#### Input data

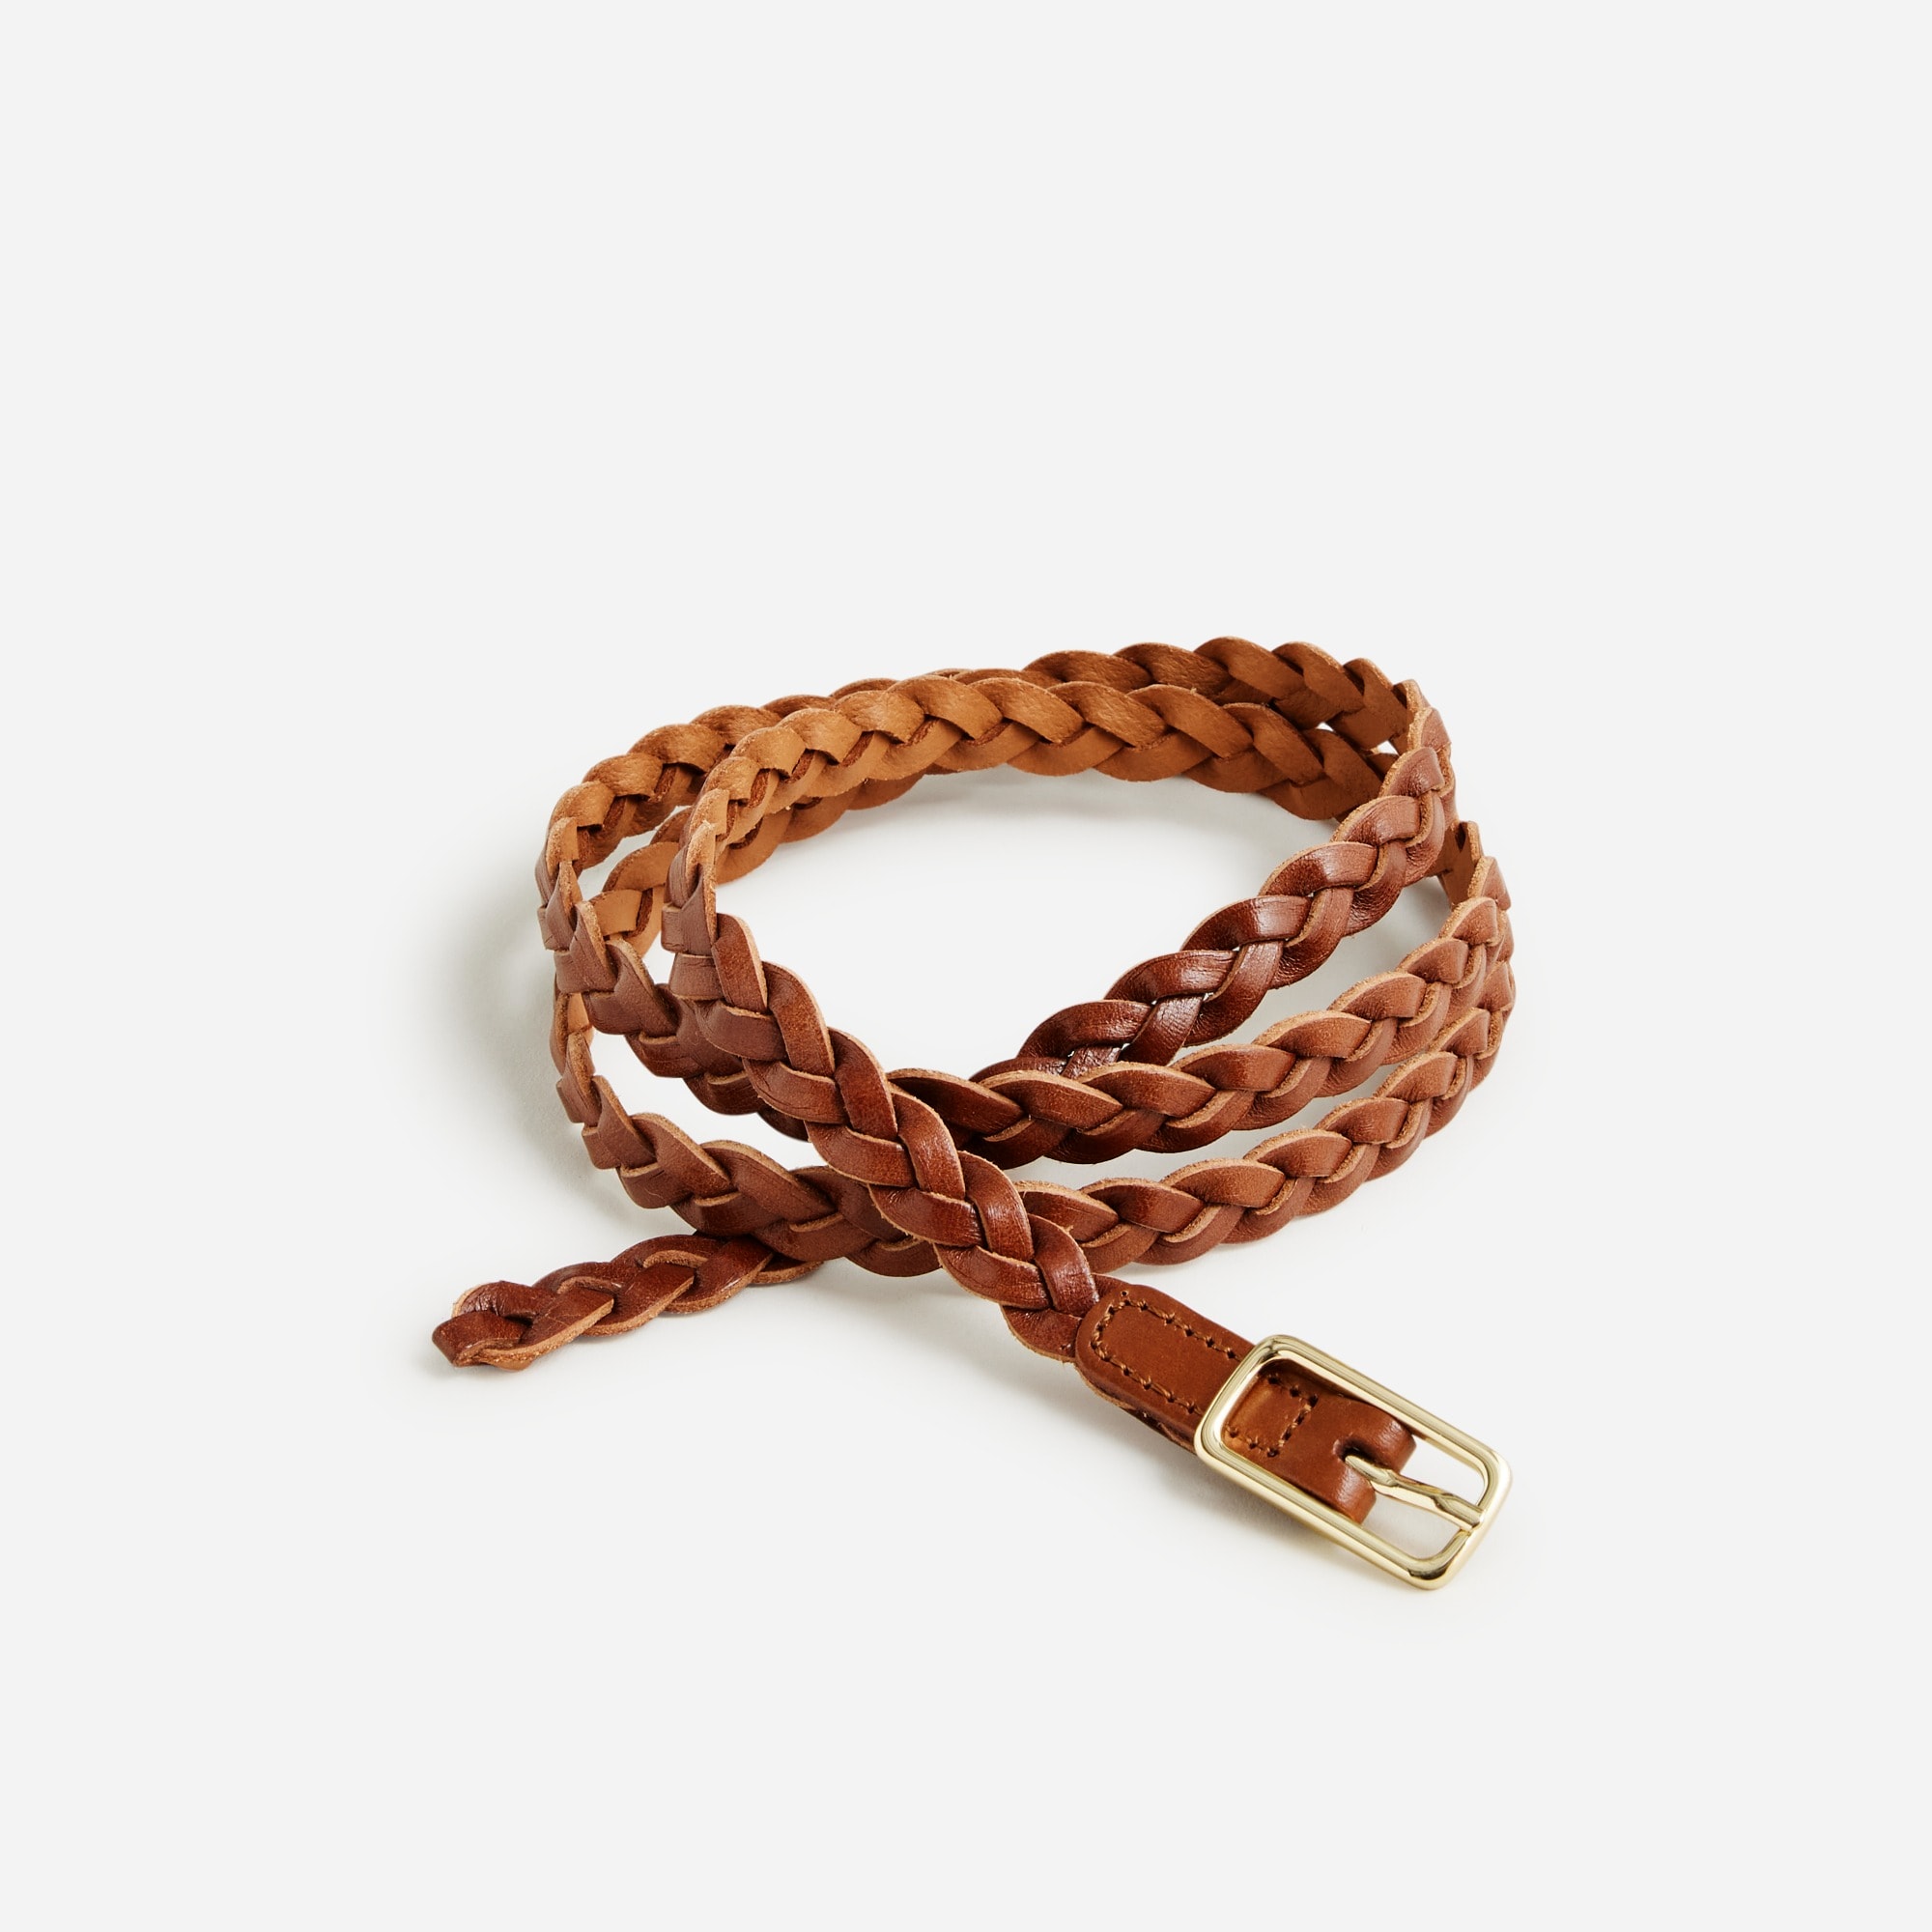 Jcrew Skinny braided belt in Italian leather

########
#### Input data

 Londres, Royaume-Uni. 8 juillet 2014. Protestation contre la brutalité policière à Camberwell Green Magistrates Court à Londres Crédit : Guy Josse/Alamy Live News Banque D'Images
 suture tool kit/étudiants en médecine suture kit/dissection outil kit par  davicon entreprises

########
#### Input data

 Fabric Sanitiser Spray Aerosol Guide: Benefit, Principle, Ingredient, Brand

########

### Task details
Copy verbatim, from the listing above, each line from the one containing "Londres, Royaume-Uni. 8" down to the one containing "suture tool kit/étudiants", inclusive.

### Written reply
 Londres, Royaume-Uni. 8 juillet 2014. Protestation contre la brutalité policière à Camberwell Green Magistrates Court à Londres Crédit : Guy Josse/Alamy Live News Banque D'Images
 suture tool kit/étudiants en médecine suture kit/dissection outil kit par  davicon entreprises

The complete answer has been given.